October 07, 2015

To ALA Members and Friends:

This morning the CFPB announced its proposal to ban mandatory pre-dispute arbitration clauses in consumer contracts that require a consumer’s claims to be arbitrated separately and severally. Over the years, creditors have developed arbitration clauses that require claims between consumers and creditors to be arbitrated, and that limit such arbitrations to individual actions as opposed to class-wide arbitration. In other words, consumers can’t join with others similarly situated to pursue claims together. Consumer advocates and others have argued that such contractual provisions frustrate consumers, prevent remedial class action, and unfairly protect bad-actors.

Section 1028 of the Dodd-Frank Wall Street Reform and Consumer Protection Act specifically mandates the CFPB to conduct a study—which it has—and if the Bureau finds that prohibiting or limiting arbitration “is in the public interest and for the protection of consumers” then it may adopt a rule consistent with the study’s findings.

The March, 2015, study by the CFPB analyzed

* over 1,800 consumer finance arbitration disputes filed over a period of three years,

* a sample of nearly 3,500 individual consumer finance cases filed in federal court over the same three year period,

* all of the 562 consumer finance class cases filed in federal court and in selected state courts during the same period,

* 40,000 small claims filings over the course of a single year,

* more than 400 consumer financial class settlements in federal courts over a period of five years, and

* more than 1,100 state and federal public enforcement actions relating to consumer finance.

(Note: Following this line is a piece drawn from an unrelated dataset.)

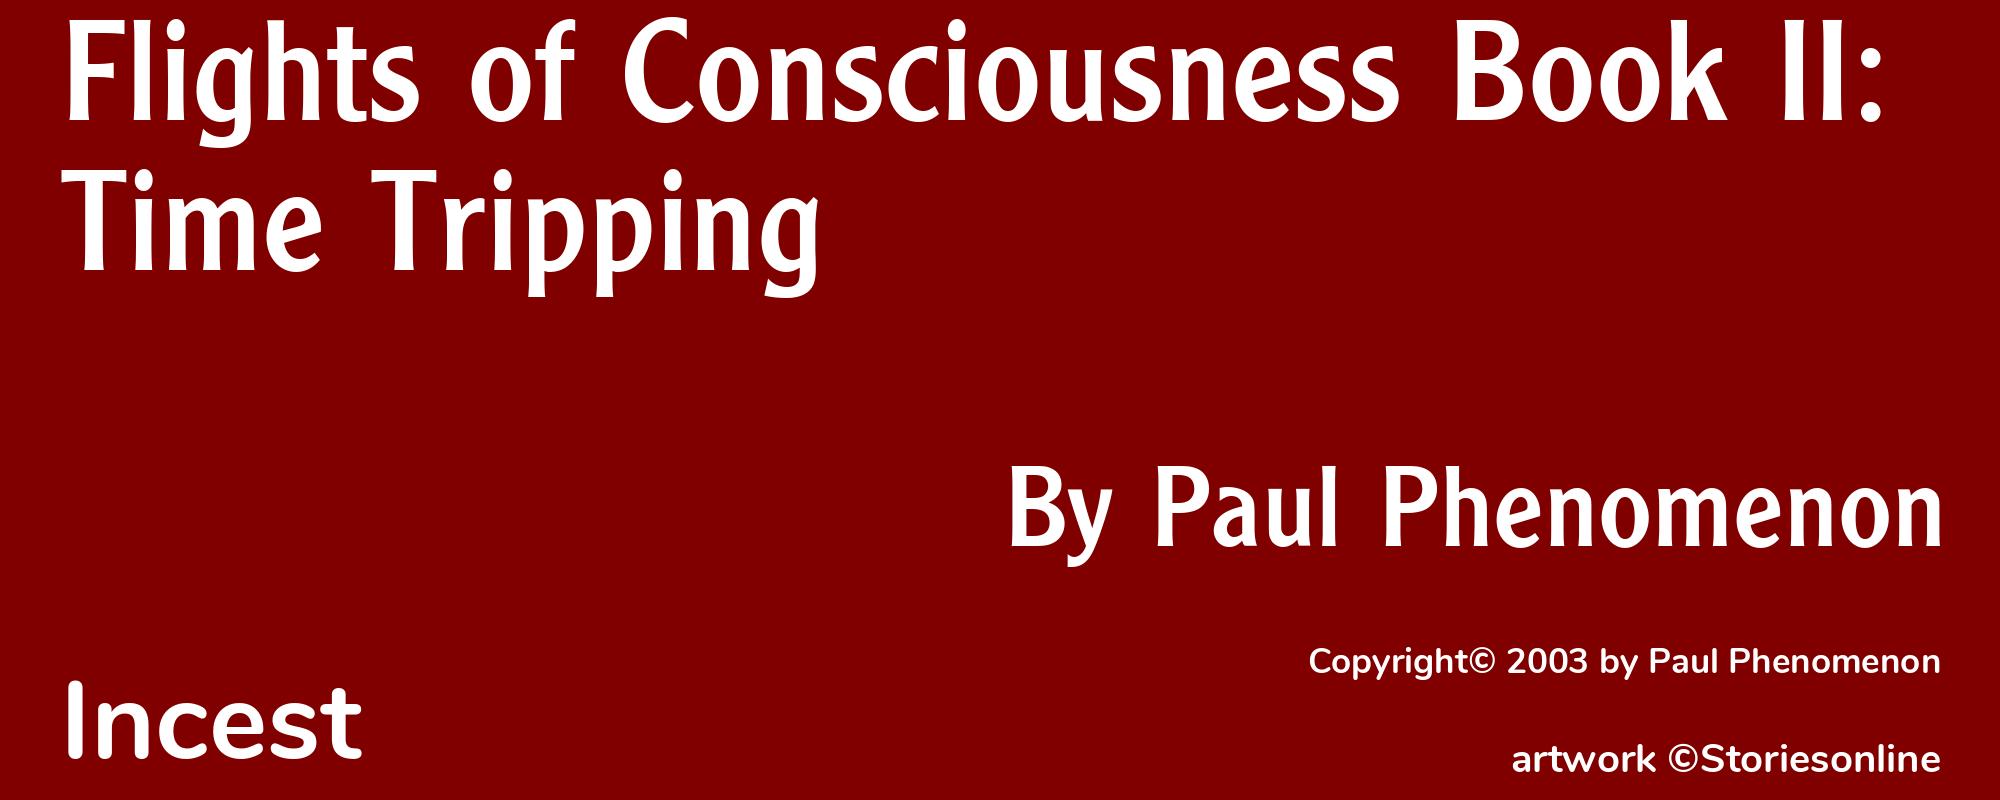 Flights of Consciousness Book II: Time Tripping - Cover

According to the CFPB, the study results prove that consumers are adversely served by limiting their access to class action litigation. The full study is available for review at http://www.consumerfinance.gov/reports/arbitration-study-report-to-congress-2015/.

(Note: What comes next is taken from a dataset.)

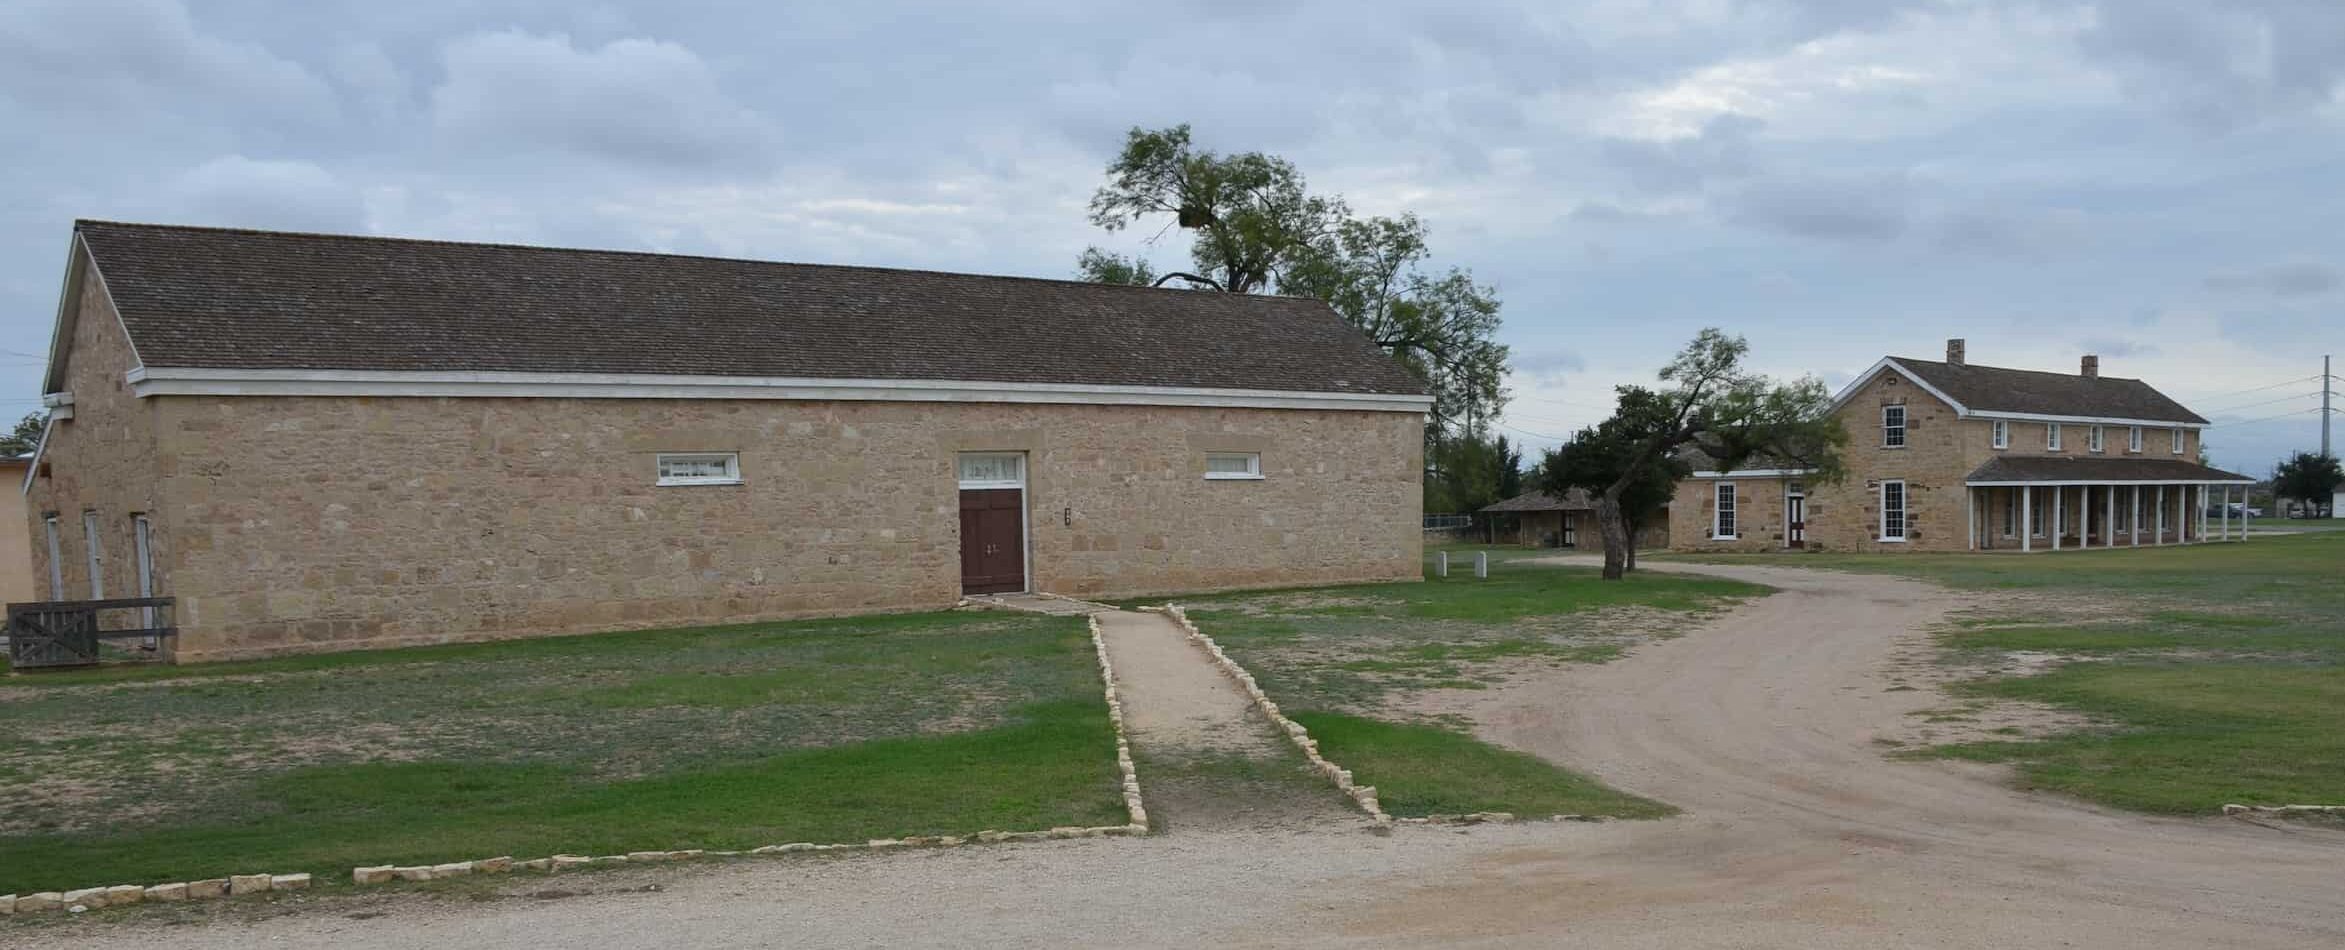 Quartermaster's Storehouse (left) and Headquarters (right)

The Outline of Proposals found at http://www.consumerfinance.gov/f/201510_cfpb_small-business-review-panel-packet-explaining-the-proposal-under-consideration.pdf would not ban mandatory, pre-dispute arbitration clauses entirely. Rather, the CFPB proposes that arbitration clauses in consumer finance contracts would have to explicitly say that they do not apply to cases filed as class actions unless and until the class certification is denied by the court or the class claims are dismissed in court.

The arbitration procedure for individual claims is not left entirely alone in the Proposal. The CFPB is also considering mandating that companies that use arbitration clauses for individual disputes, submit to the CFPB the arbitration claims filed and awards issued. Also, the CFPB is considering as part of the Proposal, the publishing of the claims and awards on its website.

The CFPB’s Outline of the Proposal to address arbitration is the first step in the rulemaking process. The next step is to convene a Small Business Review panel to gather feedback from interested parties. Once that is done, then the CFPB would adopt a Rule to become operative no earlier than 180 days after the effective date of a final rule. The CFPB contemplates setting an effective date of 30 days after the rule is published, thus giving creditors 210 days after a rule is published to make changes to form contracts.

I will discuss this with you in more detail as matters progress.